Manchmal ist das Licht am Ende eines Tunnels nicht der entgegenkommende Zug, sondern das langersehnte Ende einer Fahrt durch den Berg. Seit Einführung des Notfallsanitätergesetzes wurde darum gestritten, ob die eigenständige Gabe von Betäubungsmitteln durch Notfallsanitäter im Rahmen eines Notfalleinsatzes zulässig und erlaubt ist. Der Streit um die medizinische Notwendigkeit ist dabei nicht gemeint. Selbst mit der Einführung des § 2a NotSanG änderte sich hieran nichts.

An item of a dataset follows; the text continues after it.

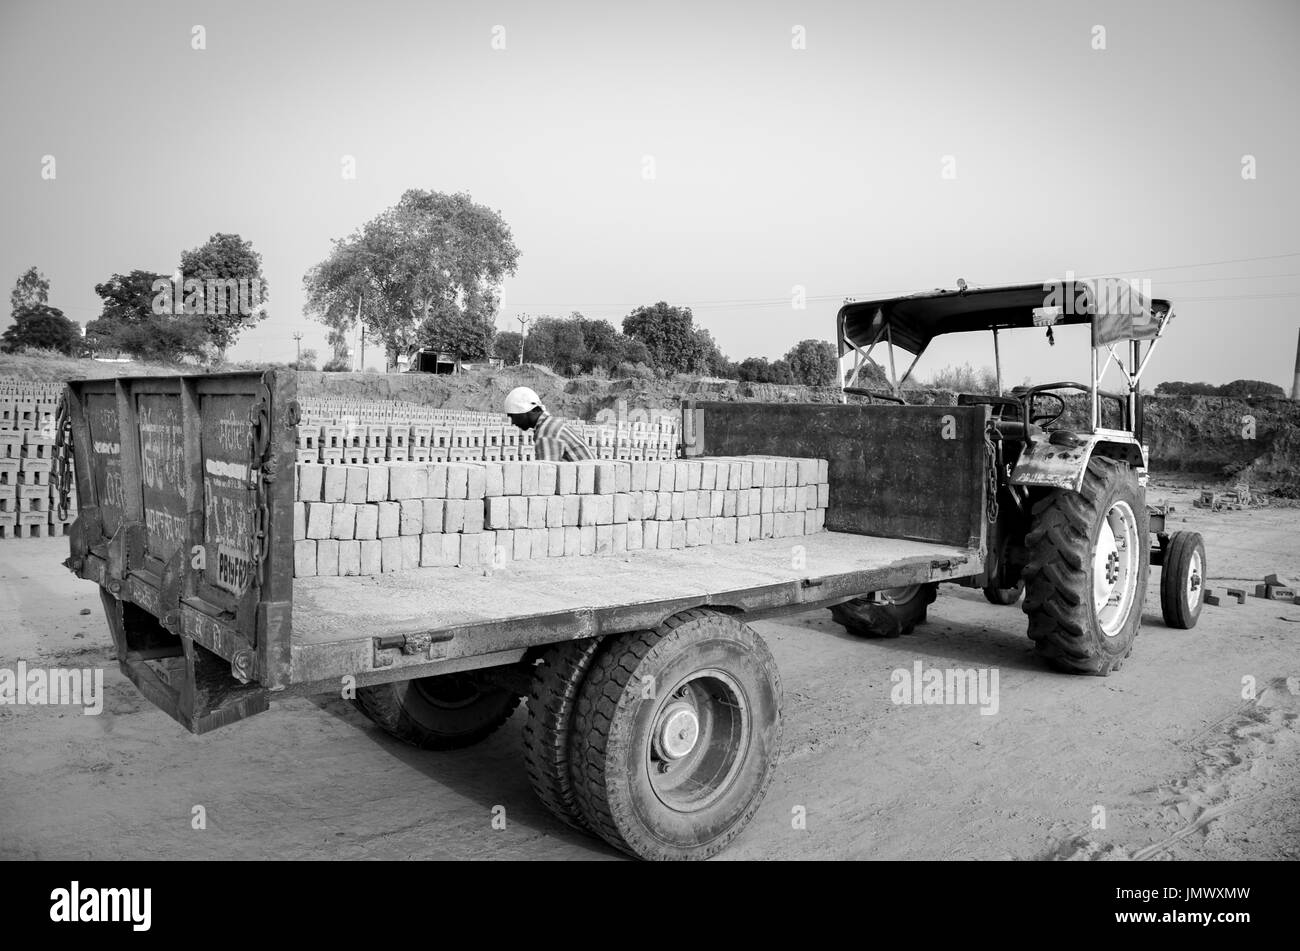 Amritsar, Punjab, india - 21 avril 2017 : photo monochrome de briques d'être chargé dans un camion par un travailleur prêt pour l'expédition à un marché de gros Banque D'Images

Es gab Kreise in denen es Notfallsanitätern „erlaubt“ war, im Rahmen festgelegter Algorithmen Betäubungsmittel (zumeist Morphin, Piritramid, selten auch Fentanyl) ohne vorherige ärztliche Konsultation zu verabreichen. Es gab Kreise, welche die Gabe an eine vorherige, zumindest telefonische Rücksprache mit einem Arzt knüpften. Es gab aber auch viele Kreise, die eine eigenständige Opiatgabe durch Notfallsanitäter grundsätzlich untersagten. Zumeist wurden die entsprechenden Medikamente gar nicht auf dem Rettungsfahrzeug mitgebührt.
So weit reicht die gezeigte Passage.